When the $39,000 refund was taken into consideration, the net payment the Applicant received was $335,713.43.
As I noted above in paragraph 12, the Applicant had earlier received $70,000. The Applicant gave oral evidence that the $70,000 was spent paying various bills and debts that she had incurred.
She also gave evidence in relation to the lump sum payments received on 19 July 2013 and said that she had also used that to pay debts which were substantially credit card debt.
I am satisfied from her evidence that she was in a Catch 22 situation with the credit card debt. She either paid it or she did not pay it. If she did not pay it she would be paying excess in interest, and if she paid part of it there would still be significant interest building up. It was a difficult situation.
With regard to the disposal of the lump sums of money, (ie the $70,000) which were payments made prior to the settlement, no evidence was advanced by the Respondent to contradict the Applicant’s evidence.
The Applicant, on being advised of how much money she was actually getting, was told that the preclusion period started as at 29 June 2014 and it extended up until 6 April 2019. This being 249 weeks at $920.80 per week.

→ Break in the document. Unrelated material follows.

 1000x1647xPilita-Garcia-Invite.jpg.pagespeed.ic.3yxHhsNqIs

THE PRECLUSION PERIOD FORMULA
The formula which is used to work out the preclusion period is set out in the Respondent’s Statement of Facts and Contentions.[3] The Statement of Facts and Contentions indicates that for the purposes of subsection 17(1) of the Social Security Act 1991 (Cth) (the Act) “The income cut-out amount is calculated in accordance with section 17(8) of the Act.”
[3] Respondent’s Statement of Facts and Contentions, dated 7 May 2018, para 25.

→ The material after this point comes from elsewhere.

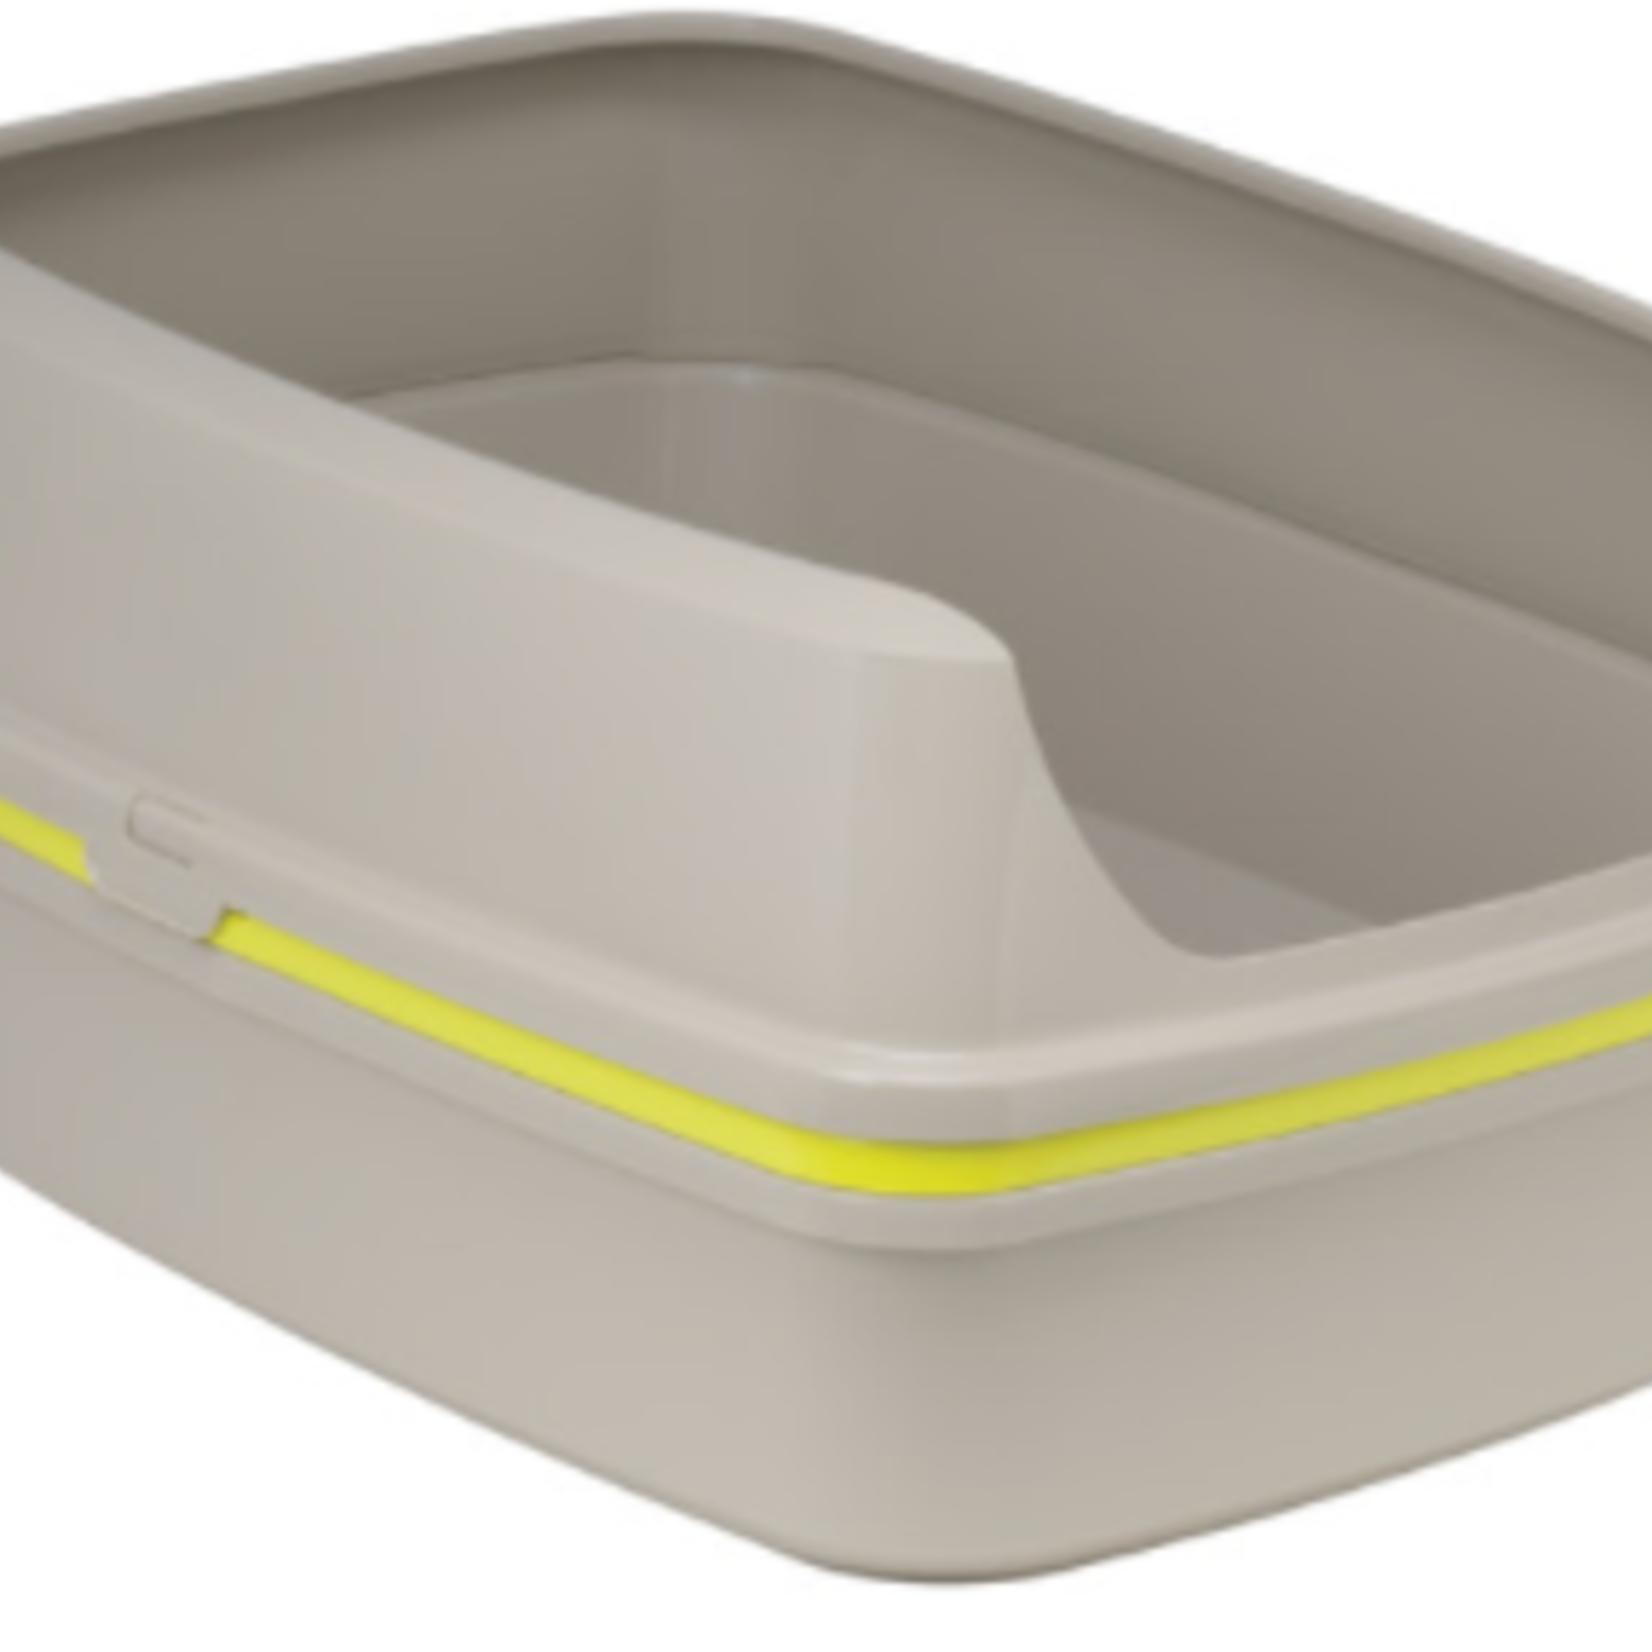 Moderna Litter Box-Lift to Sift-Jumbo-Warm Grey & Lemon

The Act provides that the deemed weekly amount to be applied is two times the maximum basic rate of pension. Namely, a disability support pension or an old age pension (the most generously paying pension a claimant can get) plus the pension supplement component, plus the energy component, plus an ordinary free area limit, with a CPI increase per annum factored in as well.
For the purposes of this application it was $920.80 per week.
A person's preclusion period is also based on 50 per cent of their lump sum payout. The lump sum payout in the Applicant’s case was $460,000 (being the two lots of payments made earlier totalling $70,000 plus the $390,000). This is then halved to $230,000, and then it is worked out in terms of the formula just mentioned. This means it was 249 weeks and a few days. It was then rounded down to 249 weeks.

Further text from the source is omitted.